To create an enjoyable learning environment in which coaches share their ideas and practices and develop their understanding of Integral Coaching: a comprehensive approach to instruction.
“Integral means wholeness, and in the case of integrative coaching, it comprises all of the various disciplines of knowledge, anatomy, physics, biomechanics, physiology, psychology,neuroscience, and all of our life experiences, forming a holistic teaching approach. This coaching approach balances analytical, linear type thinking from our academic training with the intuitional and integral thinking from our various life and coaching. experiences. The conference offerings attempts to be a very fine balance between the experimental and experiential, having, ‘no stone is left untouched.’ ”
In keeping with our partnership with the George Pocock Foundation we are striving for “Harmony, Balance, and Rhythm” in our Coaching.1
How will you benefit?
- Enhance your understanding of the various levels and areas of technical/scientific skills and knowledge.
- Cultivate a high performance culture among athletes at all levels to optimize the likelihood of long-term benefits.
- Develop an understanding of the important introductory level activity of our sport.
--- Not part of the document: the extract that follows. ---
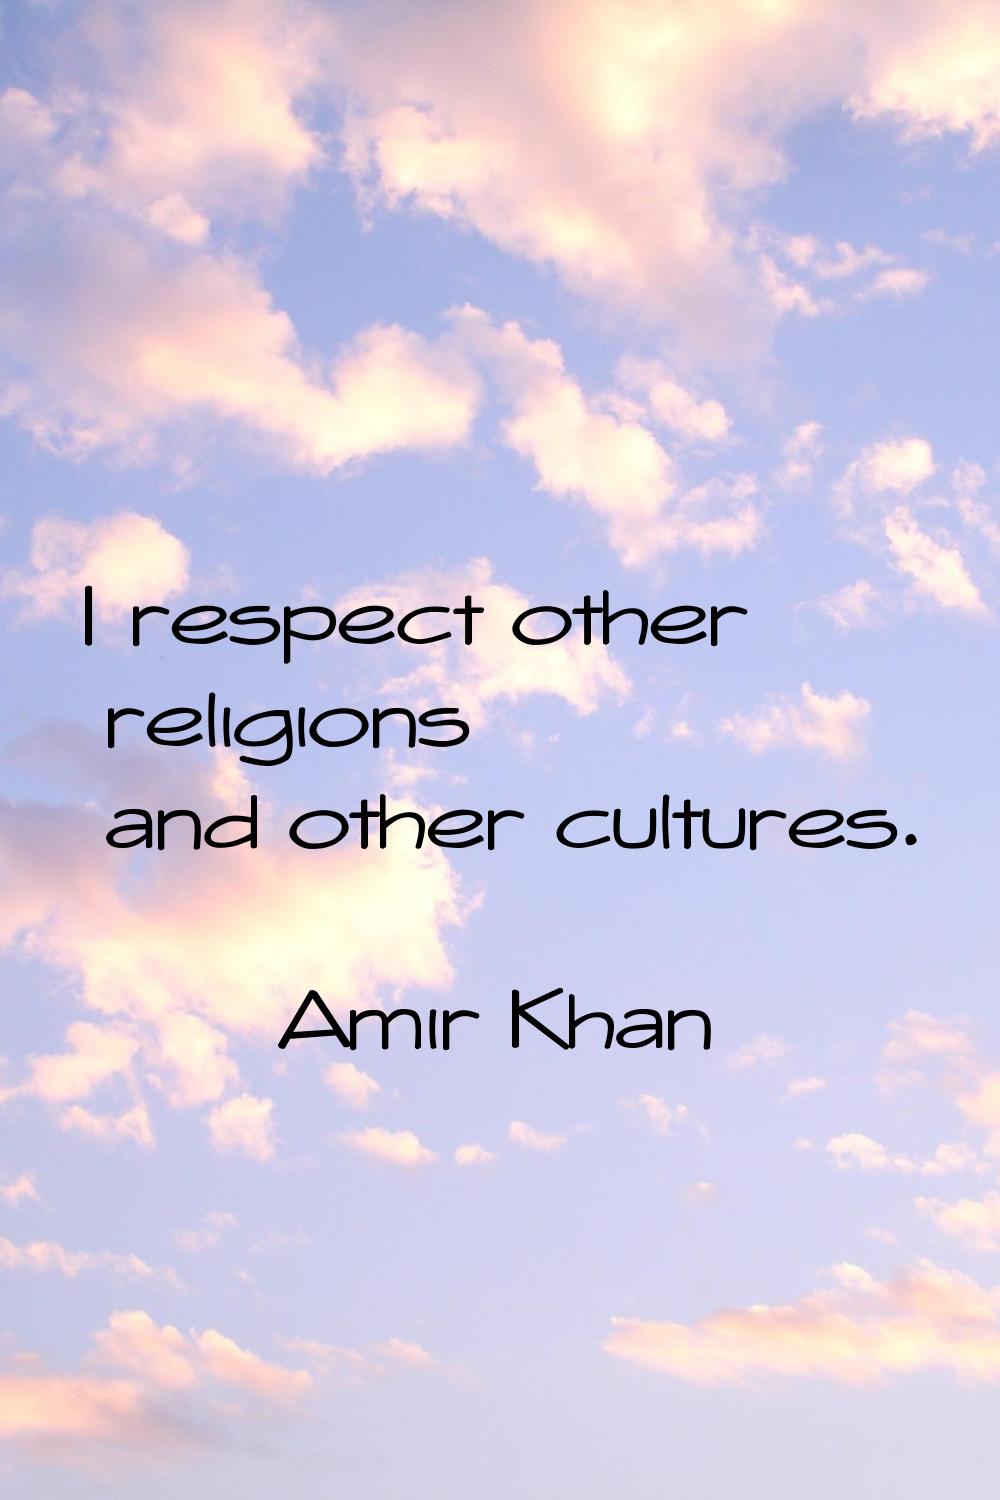 I respect other religions and other cultures.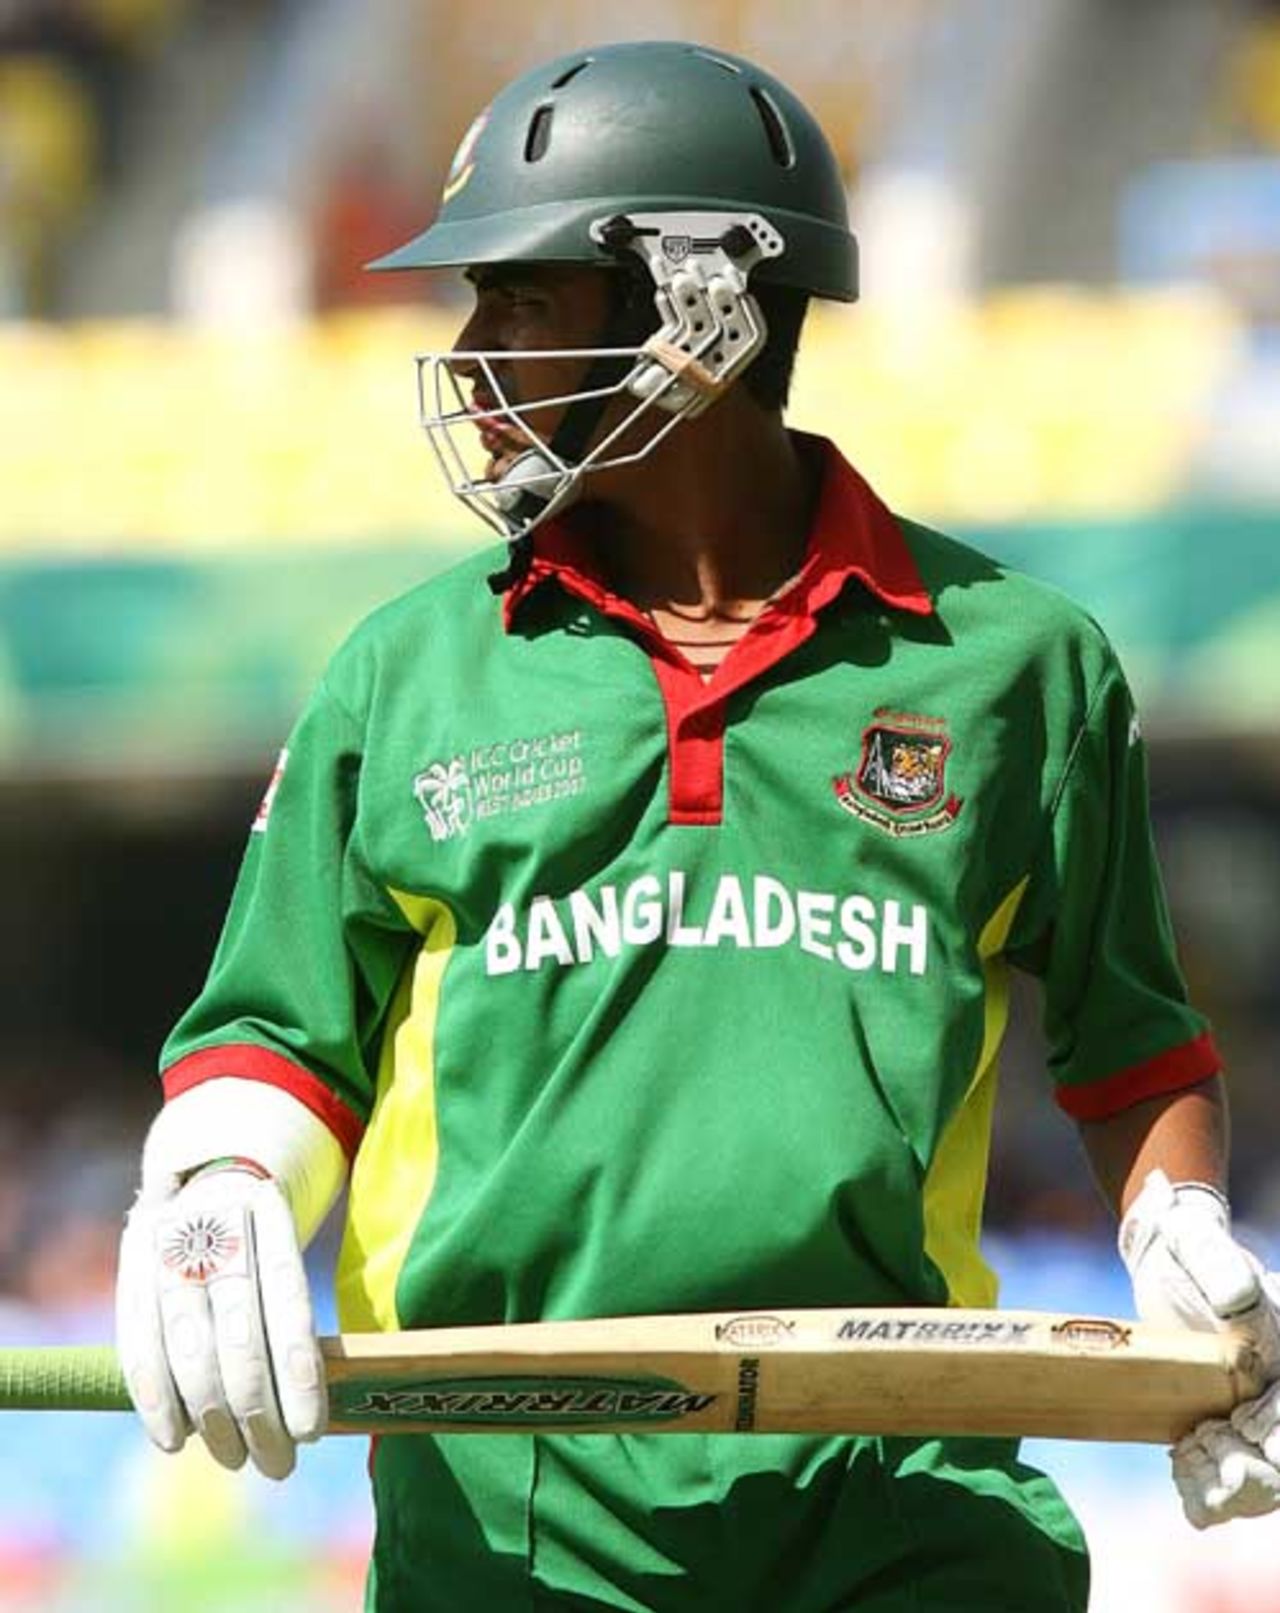 Tamim Iqbal walks back after his poor slog ended up in mid-off's hands, Australia v Bangladesh, Super Eights, Antigua, March 31, 2007

- Acquire the understanding of how to build a strong coaching support team by incorporating appropriate levels of expert support from both within the club and from external consultants.
- Learn how to evaluate your own performance in order to modify your own coaching.
- Develop your understanding of Integral Coaching.
- Exchange ideas within the network of the conference in a non-competitive environment.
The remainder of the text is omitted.